Start of INFORMATION SUPPLIED

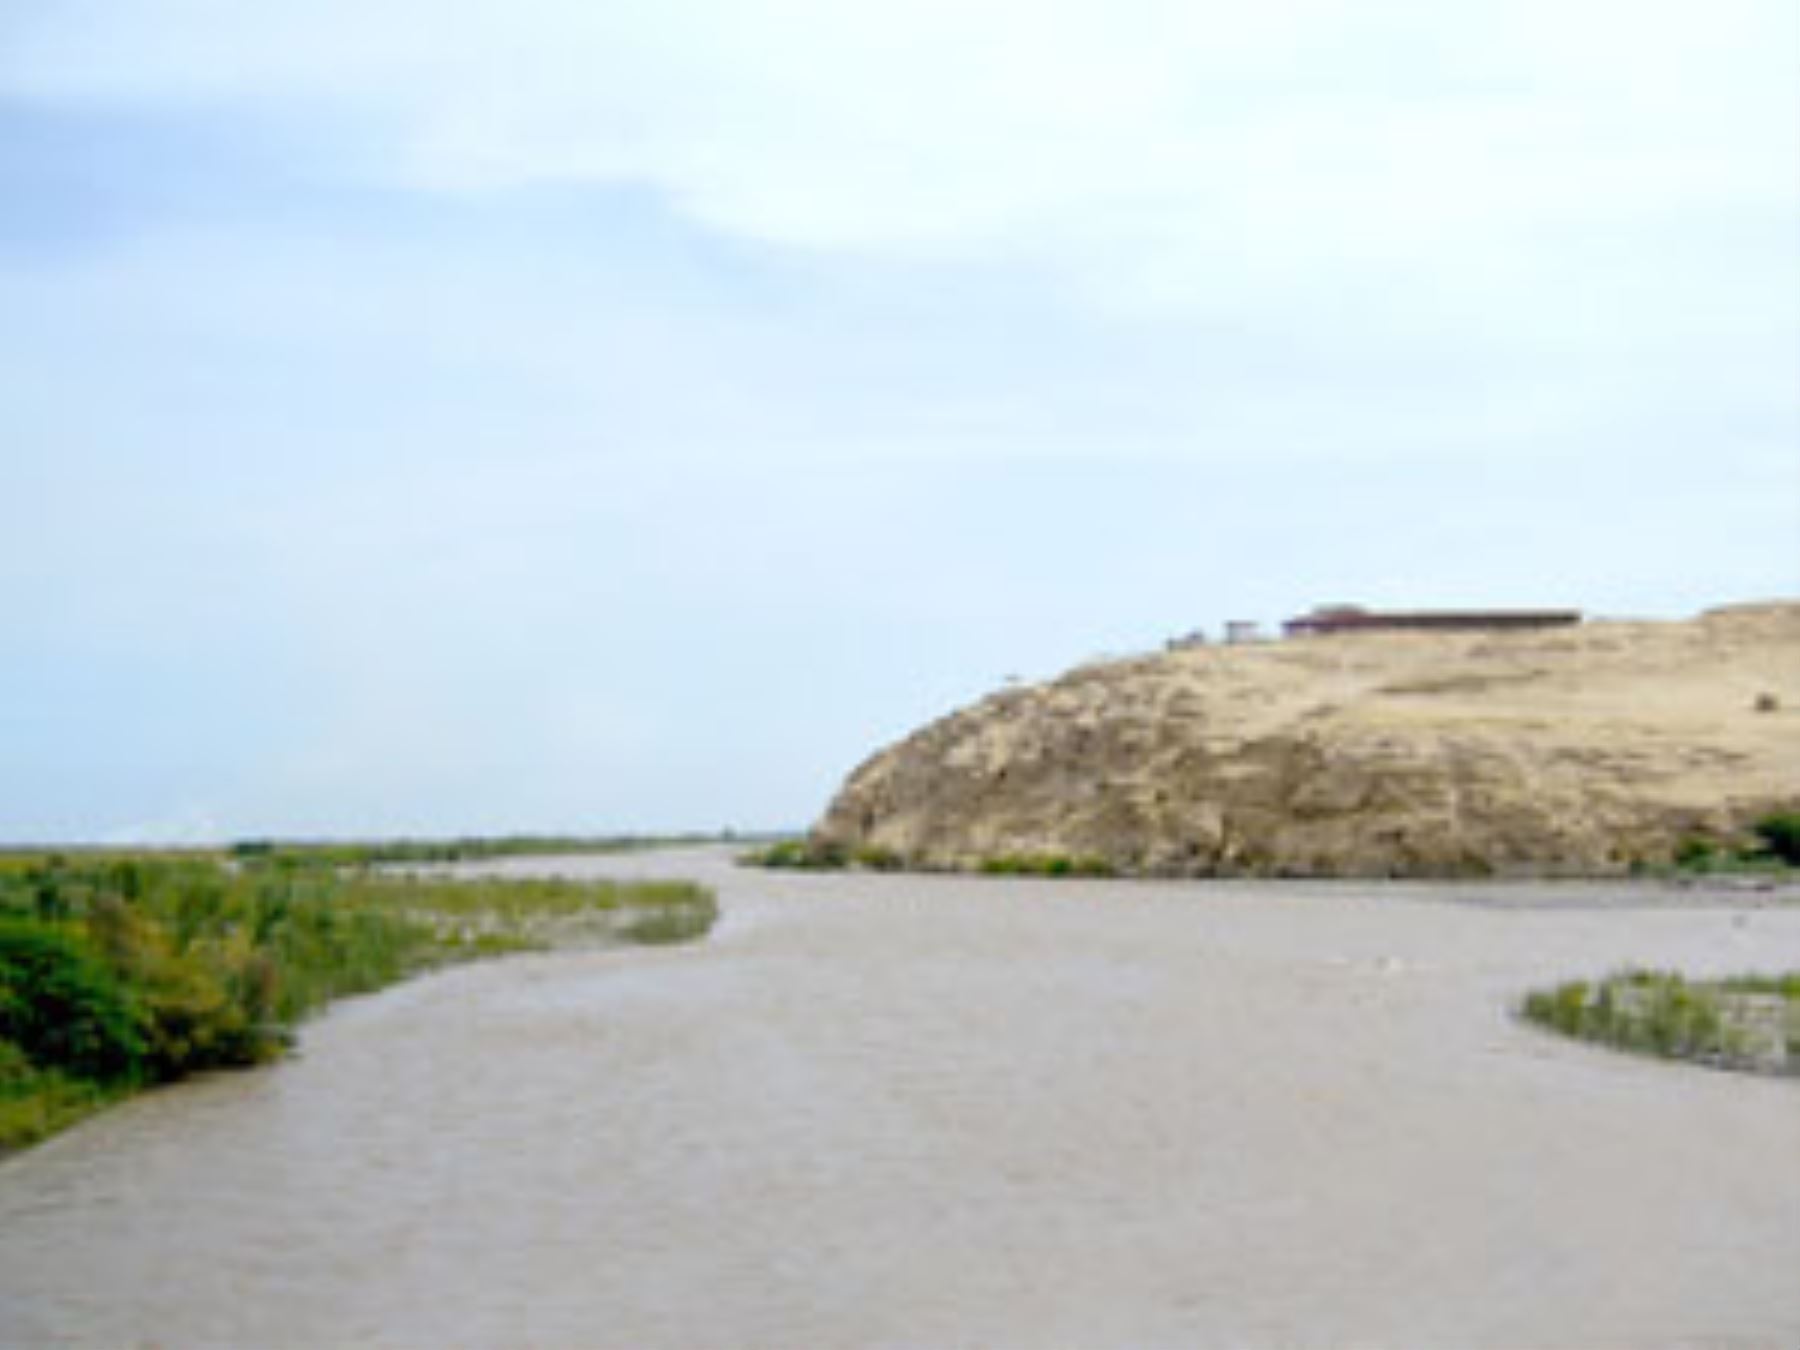 En más de 50% aumentó el caudal de los ríos Camaná y Ocoña, en la región Arequipa, debido a las lluvias intensas que se registran en los últimos días en la sierra central y sur del Perú, informó hoy el Servicio Nacional de Meteorología e Hidrología (Senamhi). ANDINA/Difusión
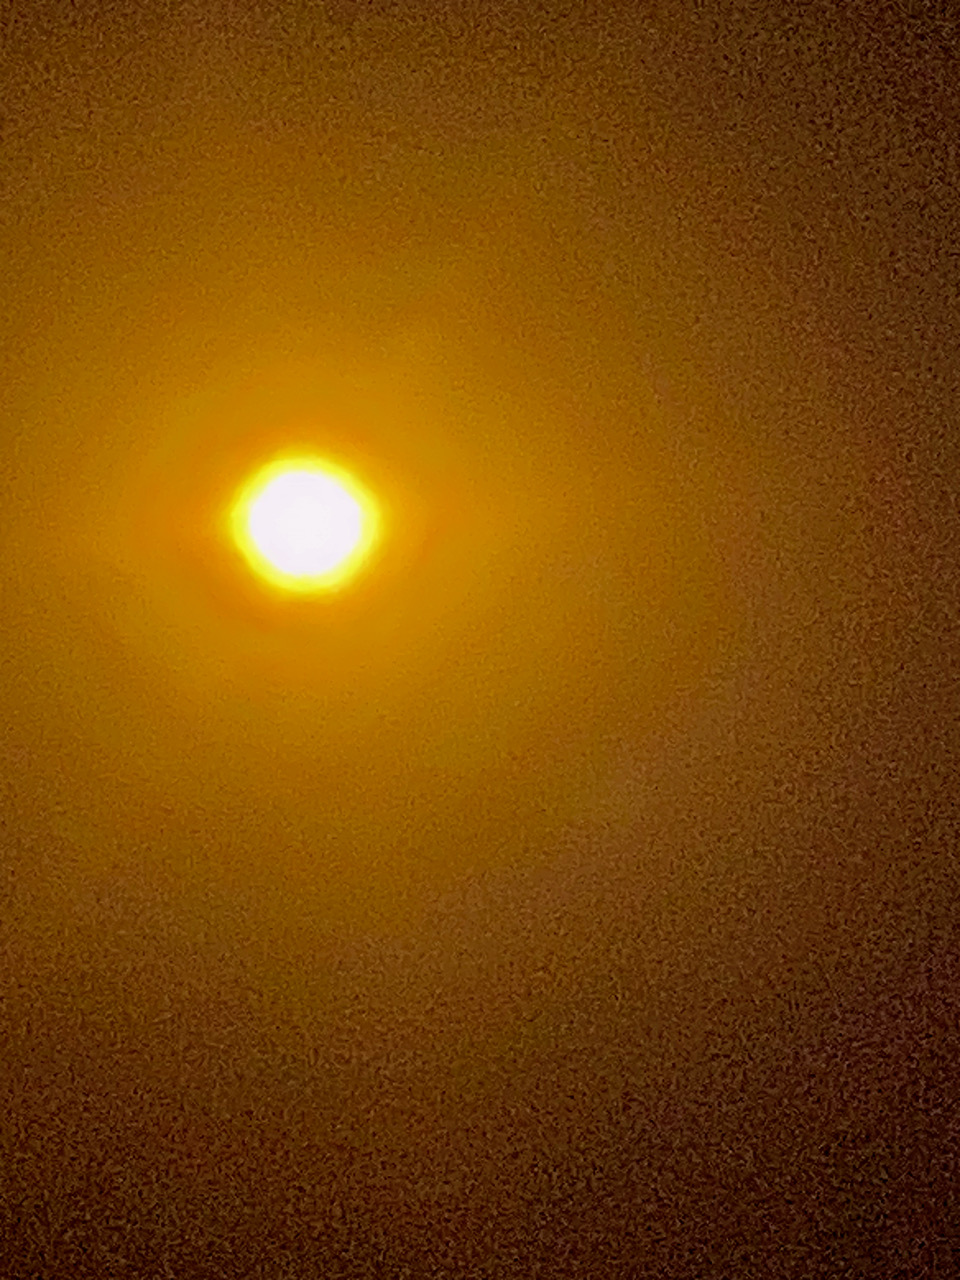 Imagen más grande del Sol en foto
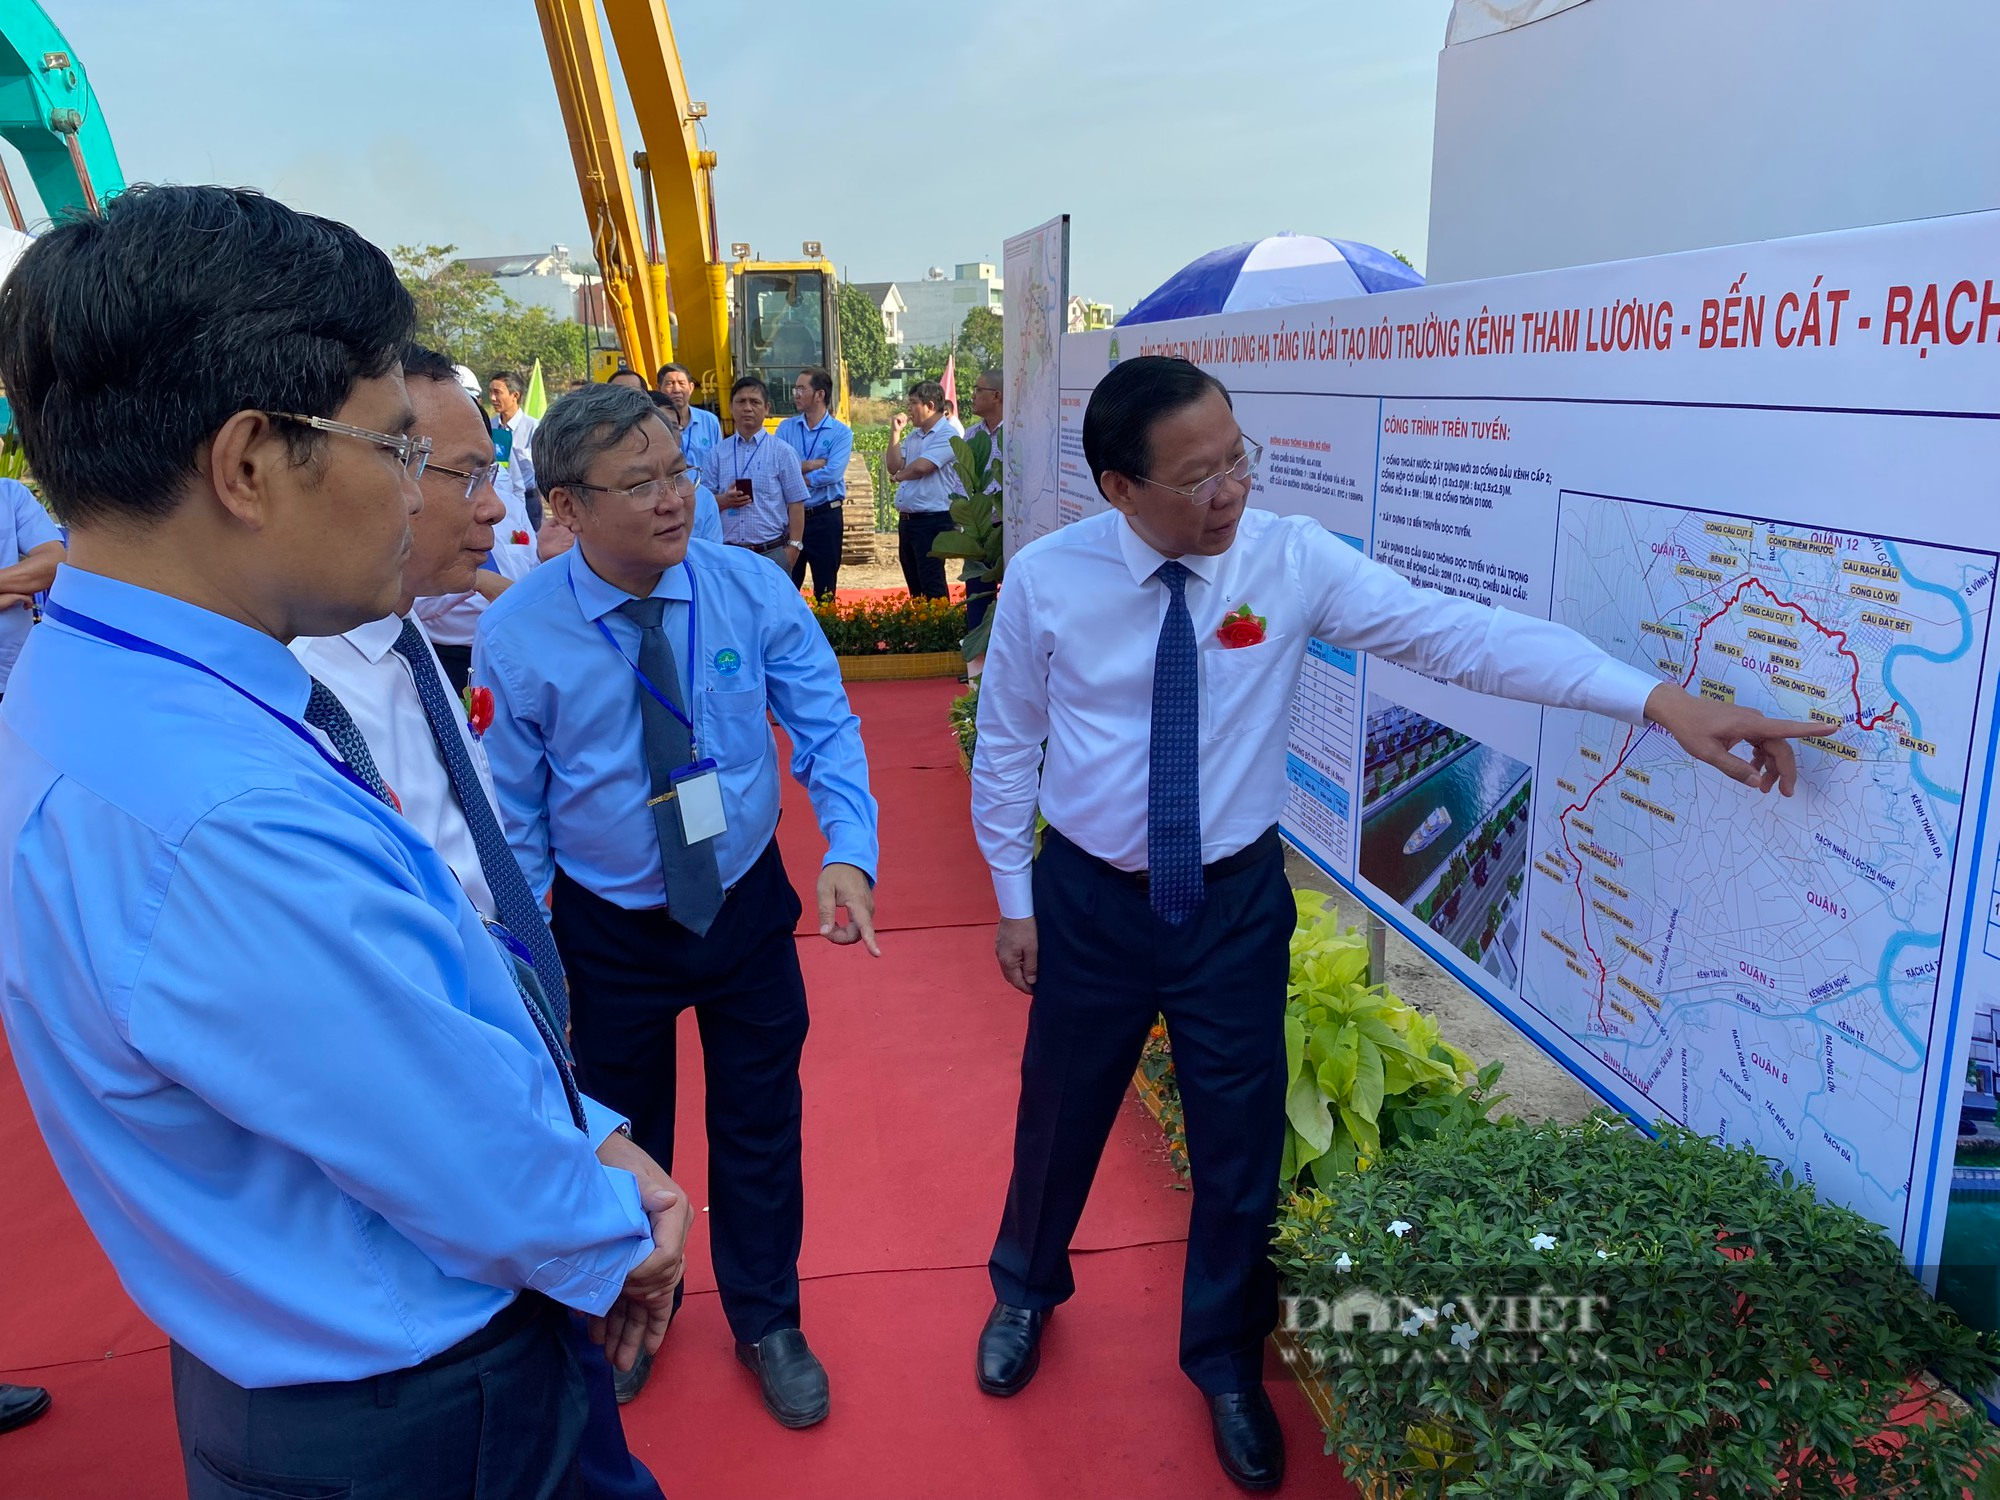 TP.HCM đang xây dựng, cải tạo môi trường kênh Tham Lương - Bến Cát – Nước Lên với kinh phí 8.200 tỷ đồng - Ảnh 3.

End of INFORMATION SUPPLIED

• _TASK STATEMENT_
Find the line with "Imagen más grande del Sol en foto". Return it and each line after it through the end of the data, exactly, without pictures.

• _ANSWER TO THE EXERCISE_
 Imagen más grande del Sol en foto
 TP.HCM đang xây dựng, cải tạo môi trường kênh Tham Lương - Bến Cát – Nước Lên với kinh phí 8.200 tỷ đồng - Ảnh 3.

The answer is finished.